Bata blanca
Ha acudido a la consulta. A pedir información, opinión, consejo o lo que quiera que se vaya a hacer cuando uno se dispone a sentarse enfrente de alguien que viste una bata blanca. Sencilla y sobria para el valor que le otorga cuando en ocasiones parece tener todo el poder de la situación.
Pues bien, ha acudido a la clínica y, aunque lo sabe, en este momento se cuestiona por qué ha decidido venir. Tan sólo necesita de un instante para responderse. Nota que hay algo que no acaba de fluir en su cuerpo. Algo se ha estancado y siente que sí pero que no.
Tras la bata se ha encontrado a alguien más o menos de su edad. Le ha puesto unos cuarenta y cinco años mientras habla con una enfermera que entra y sale sin manifiesto pudor, y sin la menor idea de que a ella le incomoda la presencia de alguien que considera ajena a su situación.
Después de ponerle edad, el hilo de sus pensamientos le ha llevado a suponer que el hombre tras la bata blanca debe de ser consciente de que sus palabras son esperadas como agua de mayo. Pueden ser alivio si caen suaves y constantes, y pueden ser desastre si caen en forma de piedra o granizo.
Cuando finalmente la enfermera ha salido, la bata blanca, tras divagar aquí y allá, se ha centrado para ponerle un nombre de trastorno que ella recibe con fingida impasibilidad. Toda la que puede aparentar mientras en su interior una borrasca amenaza con descargar.
La bata blanca y el trastorno han estado largo rato hablando acerca de posibilidades, pruebas y porcentajes, que no convencen ni a uno ni a otro. Nada de todo eso parece decir nada, y los pensamientos que a ella le piden que frene la tormenta para sentirla más tarde, empiezan a flojear.

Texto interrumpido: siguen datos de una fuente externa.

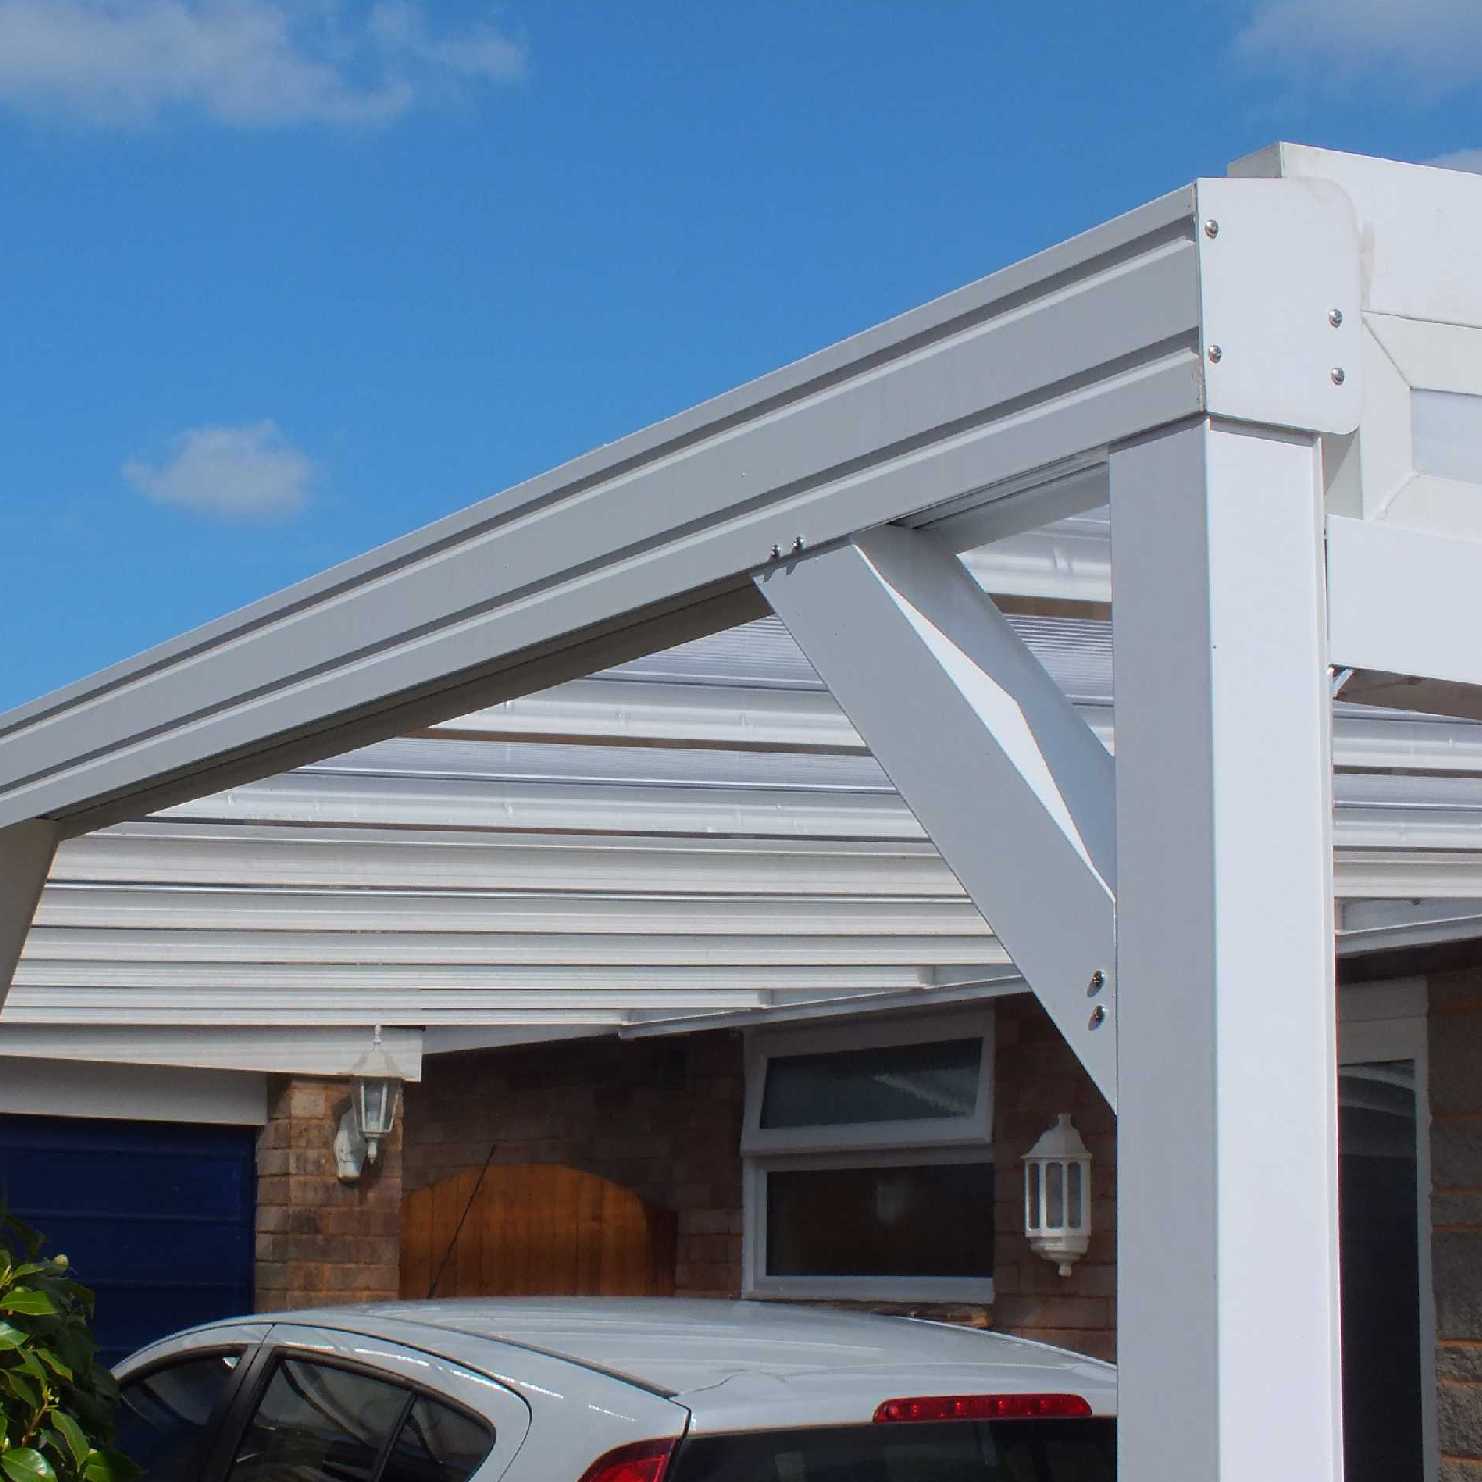 Buy Omega Smart Lean-To Canopy, White with 16mm Polycarbonate Glazing - 3.1m (W) x 1.5m (P), (2) Supporting Posts online today

Quedan en verse otro día, y ella abandona el lugar con una disputa interna. Por un lado quiere dejarse caer, sentir la intensidad y empezar a mirar de lejos, asuntos que de repente parecen definitivos. Luego tiene el lado opuesto. El que le dice que la naturaleza es otra, que su cuerpo no tiene por qué responder como todos los cuerpos, que puede tener un trastorno, pero que definitivo es todo y es nada a cada instante.
Camina hacia casa mientras cae la noche. Avanza hacia ella con un paso que apunta el ritmo al que anda por su interior. Cavando cada vez un poco más hondo, haciéndose cada vez un poco más de daño, conteniendo el aire, encogiéndose y llegando al silencio para quedarse un tiempo. El necesario hasta volver a la consulta.
De nuevo la bata blanca frente al trastorno. De nuevo la confirmación de lo confirmado. Las explicaciones que se lleva el viento. Los pronósticos que ahuyentan todo aquello que tenga que ver con la aproximación a lo que esperaba.
De nuevo palabras, hasta que tras ellas la bata blanca le mira y el trastorno mantiene el silencio. La bata blanca se deja transparentar y el trastorno se deja entrever. Por un instante, la bata blanca deja de ser bata blanca, y el trastorno deja de ser trastorno. La diferencia se hace igual cuando tras las palabras, el sentimiento convierte a uno y a otro en parte de lo mismo. Sensaciones que despiertan, cuerpos que se manifiestan y vida que les da lugar.
Y sí, al salir de la consulta ella se llevará su trastorno a casa. Mirará que hacer para acogerlo y para verlo como una forma de expresión cuando así sea posible y el momento lo permita. Él pondrá su bata blanca a centrifugar para recibir mañana a nuevos pacientes sin olor a emociones de hoy. Cada uno mirará su vida de cara. Pero el próximo día aquí estarán de nuevo, uno frente al otro, compartiendo trastorno, bata y sentir como suyos y como iguales para los dos.
Por un rato, sus vidas no serán sólo suyas y descansarán de intentar sostenerlas a toda costa. Aquí se permitirán relajarse reposando el uno en el otro, haciendo desvanecer bata y trastorno. Viéndose por encima de todo eso, que hoy y ahora pasa a ser anecdótico, sabiendo que son mucho más.